A locally deployable web application that allows users to improve their English listening and dictation skills, with an AI coach that analyzes your practice history and recommends what to study next.

Tech Stack

Backend

  • Python 3.8+
  • FastAPI - Modern, fast web framework for building APIs
  • Uvicorn - ASGI server
  • yt-dlp - YouTube video and subtitle extraction
  • SQLAlchemy - Database ORM
  • SQLite - Database for storing videos and sentences
  • NLTK - Natural language processing for sentence segmentation
  • Qdrant - Vector database for storing sentence and learning-history embeddings (AI coach)
  • sentence-transformers - Local embedding models for sentence and history vectors
  • Gemini (via LangChain) - LLM provider powering the AI coach feedback

Frontend

  • React 18 - UI library
  • TypeScript - Type-safe JavaScript
  • Tailwind CSS - Utility-first CSS framework
  • Vite - Fast build tool and dev server
  • Axios - HTTP client

Project Structure

Ear2Finger/
├── pyproject.toml               # Python package metadata (PyPI) + dependencies
├── src/ear2finger/              # Installable application package
│   ├── app.py                   # FastAPI app (serves /api + bundled UI from web/dist when present)
│   ├── database.py, auth.py, …  # Core modules and routers/, services/
│   └── web/dist/                # Production frontend build (copy from frontend/dist before releases)
├── backend/
│   ├── main.py                  # Thin shim: uvicorn main:app (adds ../src to PYTHONPATH)
│   └── requirements.txt         # Points to pyproject.toml; use pip install -e ..
├── frontend/                    # React frontend
│   ├── src/
│   │   ├── App.tsx              # Main React component with tab navigation
│   │   ├── components/          # React components
│   │   │   ├── Workspace.tsx       # Dictation workspace with per-word input + AI coach panel
│   │   │   ├── Dashboard.tsx       # Practice dashboard with AI coach summary and tips
│   │   │   ├── LessonHistory.tsx   # Per-lesson session history with “Ask coach” integration
│   │   │   └── YouTubeProcessor.tsx# YouTube video processing UI
│   │   ├── main.tsx             # React entry point
│   │   └── index.css            # Global styles with Tailwind
│   ├── package.json             # Node.js dependencies
│   ├── vite.config.ts           # Vite configuration
│   ├── tsconfig.json            # TypeScript configuration
│   └── tailwind.config.js       # Tailwind CSS configuration
│
└── README.md                    # This file

Prerequisites

  • Python 3.8+ and pip
  • Node.js 18+ and npm (or yarn/pnpm)
  • FFmpeg (required for MP3 audio conversion from YouTube videos)
    • Install on macOS: brew install ffmpeg
    • Install on Ubuntu/Debian: sudo apt-get install ffmpeg
    • Install on Windows: Download from FFmpeg website

Setup Instructions

Backend Setup

  1. Navigate to the backend directory:

    cd backend
    
  2. Create a virtual environment (recommended):

    python -m venv venv
    
  3. Activate the virtual environment:

    • On macOS/Linux:
      source venv/bin/activate
      
    • On Windows:
      venv\Scripts\activate
      
  4. Install dependencies:

    pip install -r requirements.txt
    
  5. (Recommended) Copy environment variables:

    cp .env.example .env
    

    Edit .env to configure:

    • Database, Qdrant URL/API key, and embedding model
    • Gemini API key and GEMINI_MODEL (required for the AI coach)
  6. Run the development server:

    uvicorn main:app --reload --host 0.0.0.0 --port 8000
    

    The API will be available at http://localhost:8000

    • API documentation: http://localhost:8000/docs (Swagger UI)
    • Alternative docs: http://localhost:8000/redoc

Frontend Setup

  1. Navigate to the frontend directory:

    cd frontend
    
  2. Install dependencies:

    npm install
    

    (or use yarn install or pnpm install)

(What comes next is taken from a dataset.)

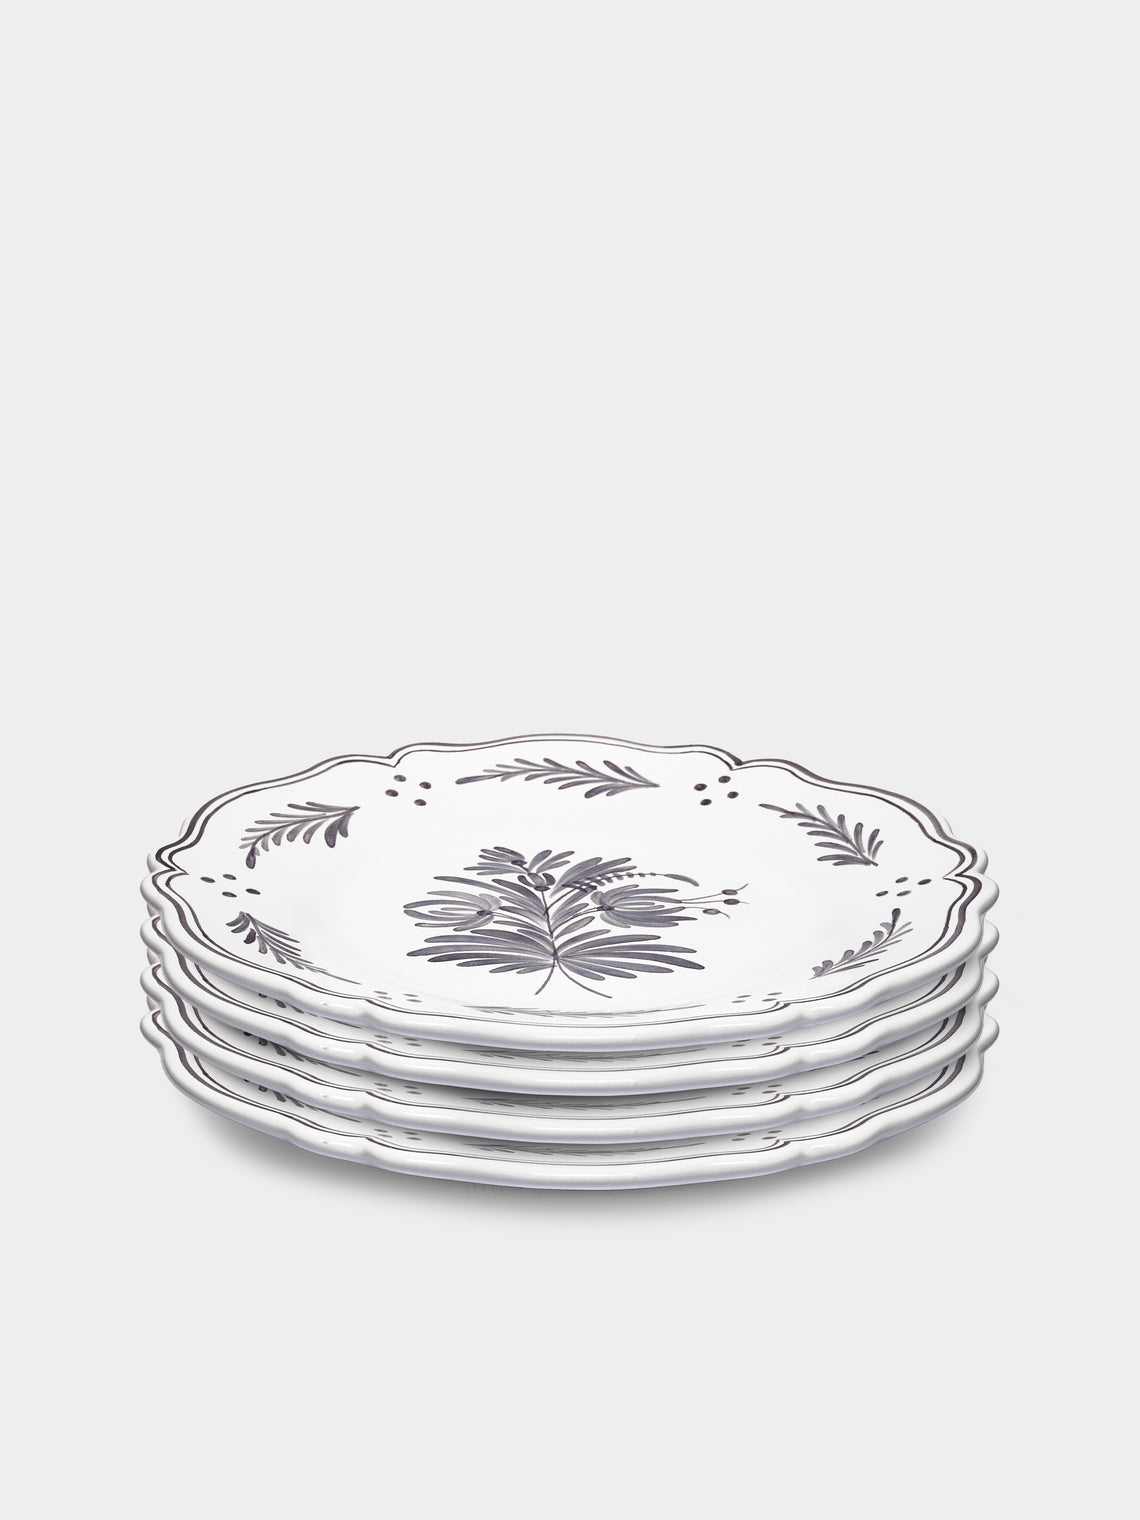 Bourg Joly Malicorne - Antique Fleurs Hand-Painted Ceramic Dessert Plates (Set of 4) -  - ABASK

  3. Start the development server:

    npm run dev
    

    The frontend will be available at http://localhost:3000

PyPI package

The Python distribution name is ear2finger (see pyproject.toml). Build wheels locally as below, then publish to PyPI with Twine when you are ready.

Install and run (bundled UI + API on one port):

pip install ear2finger
ear2finger --host 0.0.0.0 --port 8000
# Open http://127.0.0.1:8000

Develop from a git clone (editable install):

pip install -e .
uvicorn ear2finger.app:app --reload --host 0.0.0.0 --port 8000

Refresh the bundled UI before building a release wheel (after npm run build in frontend/):

rm -rf src/ear2finger/web/dist && cp -R frontend/dist src/ear2finger/web/dist

Build sdist + wheel (from repo root, in a virtualenv):

pip install build
python -m build

Upload (Twine + PyPI credentials):

pip install twine
twine upload dist/*

Running the Application

  1. Start the backend (from backend/ with venv, after pip install -e ..):

    uvicorn ear2finger.app:app --reload
    

    Or, without installing the package: cd backend && uvicorn main:app --reload (shim loads src/).

  2. Start the frontend (from frontend/ directory, in a new terminal):

    npm run dev
    
  3. Open your browser and navigate to http://localhost:3000

Features

Core Learning Flow

  • YouTube import: Paste a YouTube URL and turn it into a structured dictation lesson.
  • Extract subtitles: Automatically extract subtitles from YouTube videos using yt-dlp.
  • Download MP3 audio: Download audio-only MP3 files from YouTube videos (requires FFmpeg).
  • Sentence segmentation: Intelligently segment subtitles into individual sentences using NLTK.
  • Timestamp storage: Store each sentence with precise start and end timestamps.
  • Database storage: Store processed videos, sentences, audio paths, and learning events in SQLite.
  • Dictation workspace: Practice sentence-by-sentence with per-word inputs, hints, and keyboard shortcuts.
  • Lesson playlists: Organize imported videos into playlists and track progress per lesson.

AI Coach / AI Agent (highlight)

The AI coach is a personalized language-learning agent that reads your practice history and:

  • Summarizes your progress: Explains what you are doing well and where you are struggling, based on:
    • Per-word spelling difficulty
    • Hint usage
    • Error rates over time
  • Generates tailored advice: Produces 3–5 concrete, numbered suggestions for what to practice next.
  • Recommends sentences to review: Uses Qdrant to find sentences containing your weakest words and surfaces them as practice recommendations.
  • Respects your data: Uses your own practice stats and sentence history only; embeddings and vectors are stored in your own Qdrant instance.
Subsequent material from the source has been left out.